**PROMPT**
There is one span to output from the data below: the lines starting at the line with "Barra de sonido" and ending at the line with "ピザハット x ケンタッキーからコラボピザが登場". Output it exactly, ends included, nothing more.

** DATA TO USE follows **

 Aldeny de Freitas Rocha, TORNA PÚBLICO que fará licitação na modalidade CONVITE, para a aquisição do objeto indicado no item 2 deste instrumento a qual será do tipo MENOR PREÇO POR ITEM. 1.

** End of DATA TO USE **
** DATA TO USE follows **

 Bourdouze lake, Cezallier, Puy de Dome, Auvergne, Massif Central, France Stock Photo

** End of DATA TO USE **
** DATA TO USE follows **

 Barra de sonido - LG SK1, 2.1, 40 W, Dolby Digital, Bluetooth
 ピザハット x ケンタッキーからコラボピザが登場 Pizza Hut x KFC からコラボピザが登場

** End of DATA TO USE **

**ANSWER TO THIS EXERCISE**
 Barra de sonido - LG SK1, 2.1, 40 W, Dolby Digital, Bluetooth
 ピザハット x ケンタッキーからコラボピザが登場 Pizza Hut x KFC からコラボピザが登場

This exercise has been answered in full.